In our example, cosine similarity increases rapidly until \(k=4\) where the rate of increase slows, indicating this is a suitable rank. Real world examples will rarely be so clear, and often several ranks will appear suitable.

The different measures here are:

  • Cosine Similarity: Higher is better. The angle between the true data and estimated data, considering each as a flattened 1d vector

  • L2 Norm: Euclidean distance between true and estimated data. Lower is better.

  • R-squared: Coefficient of determination between true and estimated data. Higher is better.

  • Reconstruction Error: Measure of the error in the estimated data compared to true. Lower is better.

  • Residual Sum of Sqaures: Lower is better

  • Sparsity H: Sparsity of the H matrix

  • Sparsity W: Sparsity of the W matrix

When there are several candidate ranks, it is useful to generate decompositions for each and manually inspect them. This is usually the case, and some researcher judgement is required in eventually selecting which rank decomposition to use.

Regularisation selection

Background

\(L1\) regularisation can be applied to encourage sparsity in the decomposition (fewer entries in \(W\) and \(H\) with high values). A sparse solution can have benefits for intuitive understanding, for instance if we are decomposing a table of genes, a signature with high weights for a few genes, rather than lower weights for many genes, can be easier to interpret biologically.

\(L2\) regularisation instead encourages a more even distribution of weights across in both \(W\) and \(H\), leading to more evenly distributed weights and lower sparsity.

The degree of regularisation is controlled by two parameters, \(l1\_ratio\) and \(alpha\) from the underlying NMF implementation we use from scikit-learn. Currently regularisation is applied to both the \(H\) and \(W\) matrices, though sklearn supports only applying to one.
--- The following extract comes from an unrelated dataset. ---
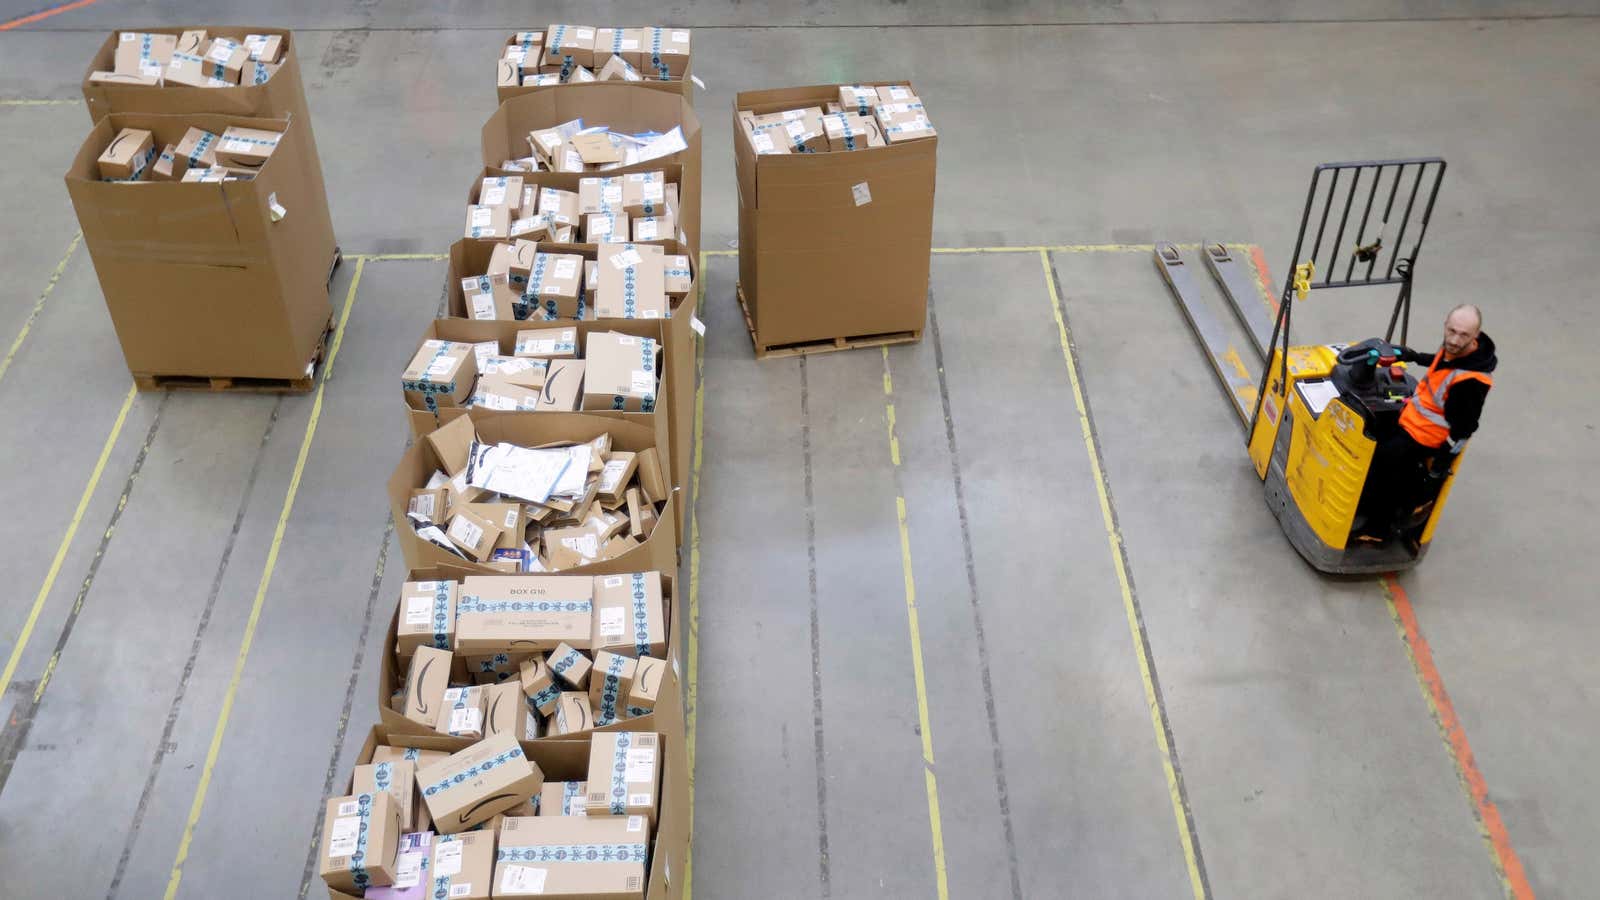 Amazon stopped taking orders.

  • \(l1\_ratio\) - Between 0 and 1, with 1 applying only \(L1\) regularisation, and 0 applying only \(L2\) regularisation, and any value between being a mix.

  • \(alpha\) - Regularisation coefficient. A value of 0 means applying no regularisation. By default when selecting an \(alpha\) parameter, cvanmf will try values \(2^i\) for \(i \in \{-5, -4, \dots, 2\}\)

Application

We give an example here of \(L1\) regularisation to encourage sparsity. cvanmf provides the function regu_selection to test values of \(alpha\) for a given \(l1\_ratio\). As we want a sparse solution, we will use \(l1\_ratio = 1\). The function only accepts one rank, we have to have already selected the rank of decomposition we want.

from cvanmf.denovo import regu_selection, plot_regu_selection
best_alpha, regu_sel_res = regu_selection(x=x, rank=4, shuffles=10, seed=4298, l1_ratio=1.0, progress_bar=False)
# shuffles sets the number iterations of bi-crossvalidation which are run. 
# The default is 100, it has been set lower here to make the documentation easier to compile, but 100 is a more 
# sensible value for real data
best_alpha
0.0003125
plot_regu_selection(regu_sel_res)

A higher value of alpha leads to greater sparsity, although in this case not by much until high values of \(alpha\). However, the measure of how well the decomposition reconstructs the input data also monotonically decrease as \(alpha\) increases. cvanmf by default identifies the tested value of \(alpha\) for which the \(R^2\) is not significantly worse than \(alpha=0\), which is returned as the first element of the results.

best_alpha
0.0003125

Generating decompositions

For the ranks of interest, we can generate several decompositions to investigate. NMF solutions are non-unique and depend on the initialisation of the \(H\) and \(W\) matrices; some initialisations may give a better solution than others. One approach is to make many decompositions, and select those which optimise some criteria, such as reconstruction error.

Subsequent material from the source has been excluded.